Euronext Growth Milan, the segment of the Italian stock exchange designed for small and medium-sized enterprises, has become a reference point, tripling the number of issuers since 2015 and showing a higher tech vocation than the main list, but continues to struggle to 'guarantee liquidity, visibility and continuity in access to capital for listed SMEs'. This is the analysis of AssoNext (the association of reference for listed Italian SMEs), which has drawn up a roadmap with 12 proposals aiming at a more efficient and competitive market, a greater channelling of savings towards SMEs, and a strengthening of the visibility of SMEs vis-à-vis investors. The proposed roadmap, which was presented in Rome during a public event, is developed along three lines: a more efficient and competitive market (Fair Market), greater channelling of savings towards listed SMEs (Patient Finance), and a strengthening of SMEs' visibility vis-à-vis investors (Equity Visibility).

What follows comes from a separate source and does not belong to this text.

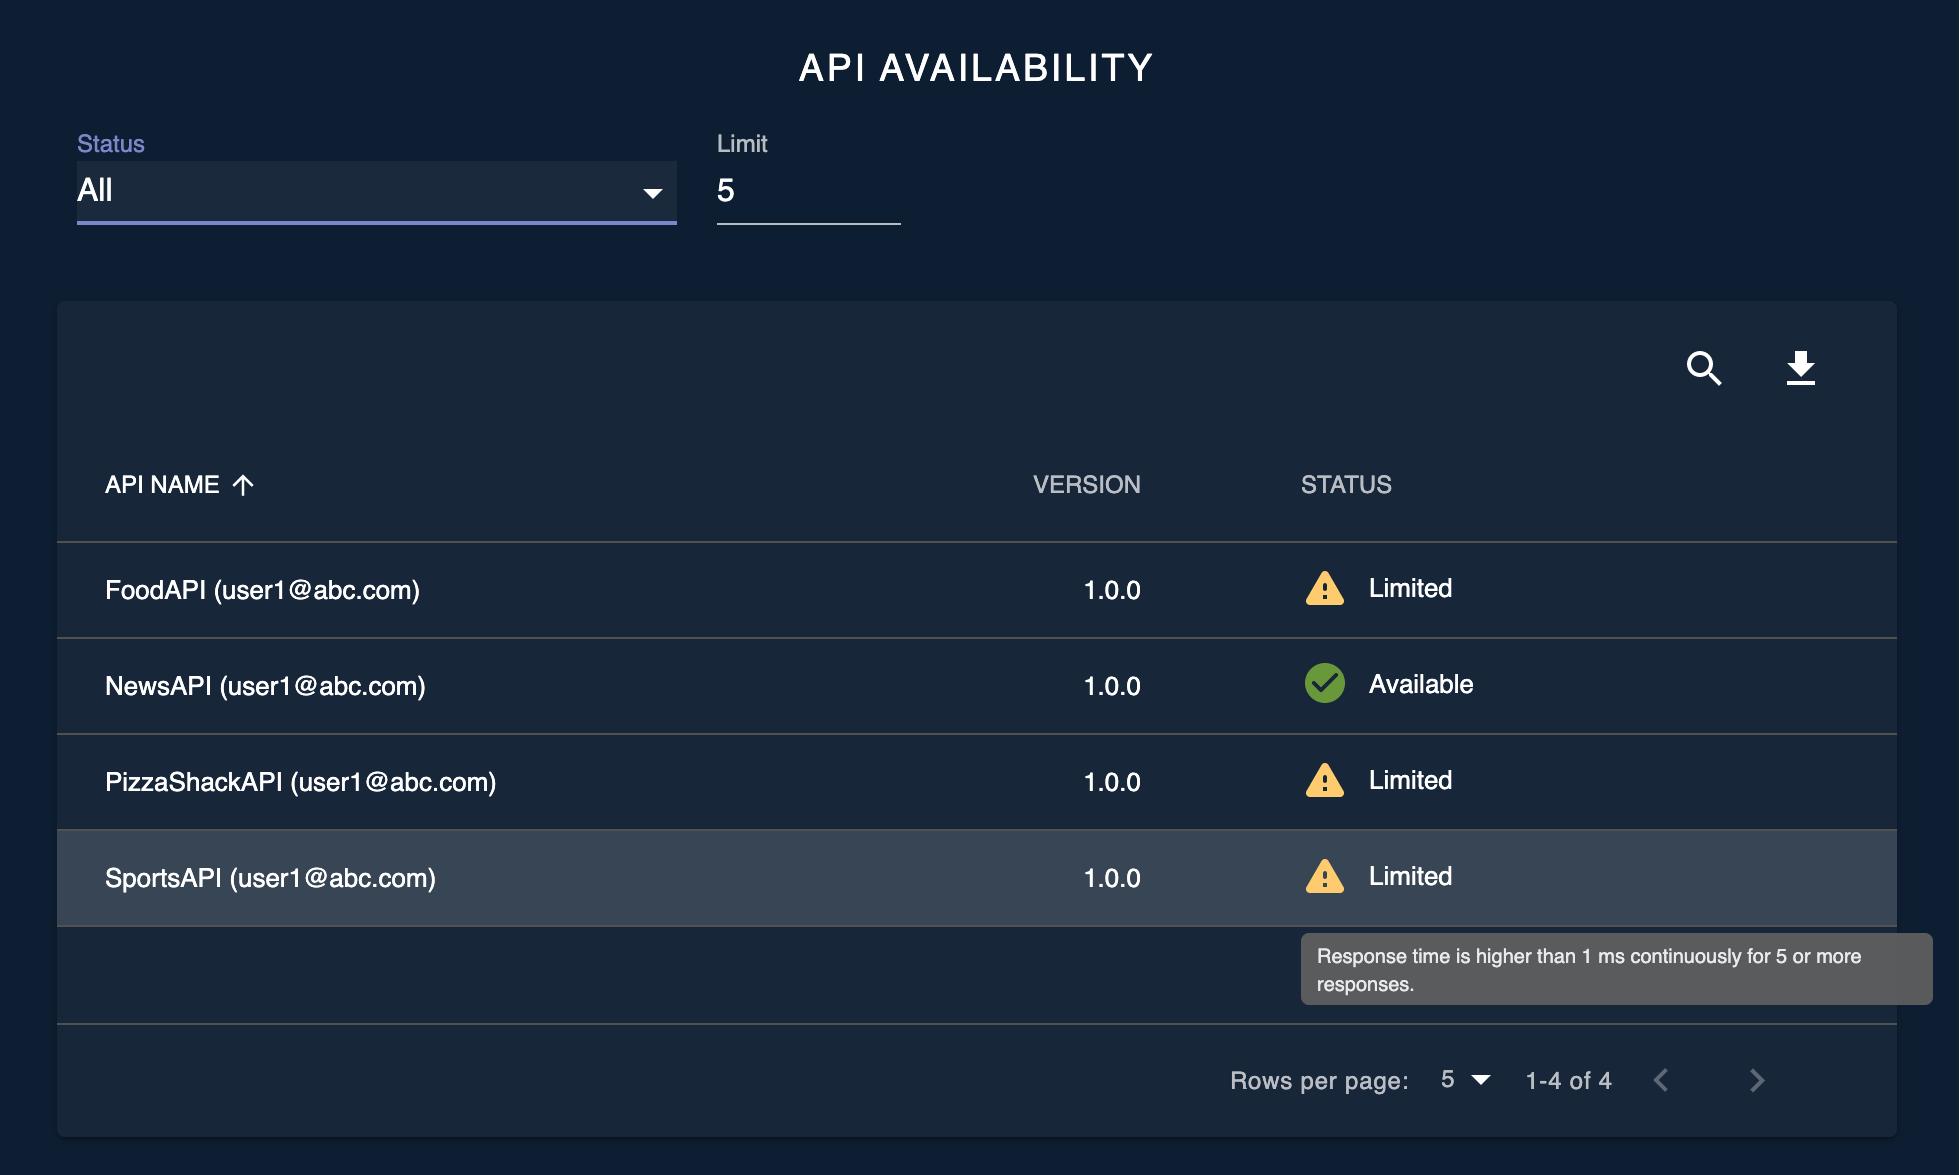 API availability

While there are 207 companies listed on Egm with a total capitalisation of EUR 10.8 billion and the market has grown a lot over the last 10 years, on the other hand, the index's performance has been less exposed to turbulence than the main listings but has been less brilliant (+9% in 2025 compared to +31.5% of the Ftse Mib; +3% in the first part of 2026 compared to +12% of the Ftse Mib) and trading liquidity has been 'insufficient'.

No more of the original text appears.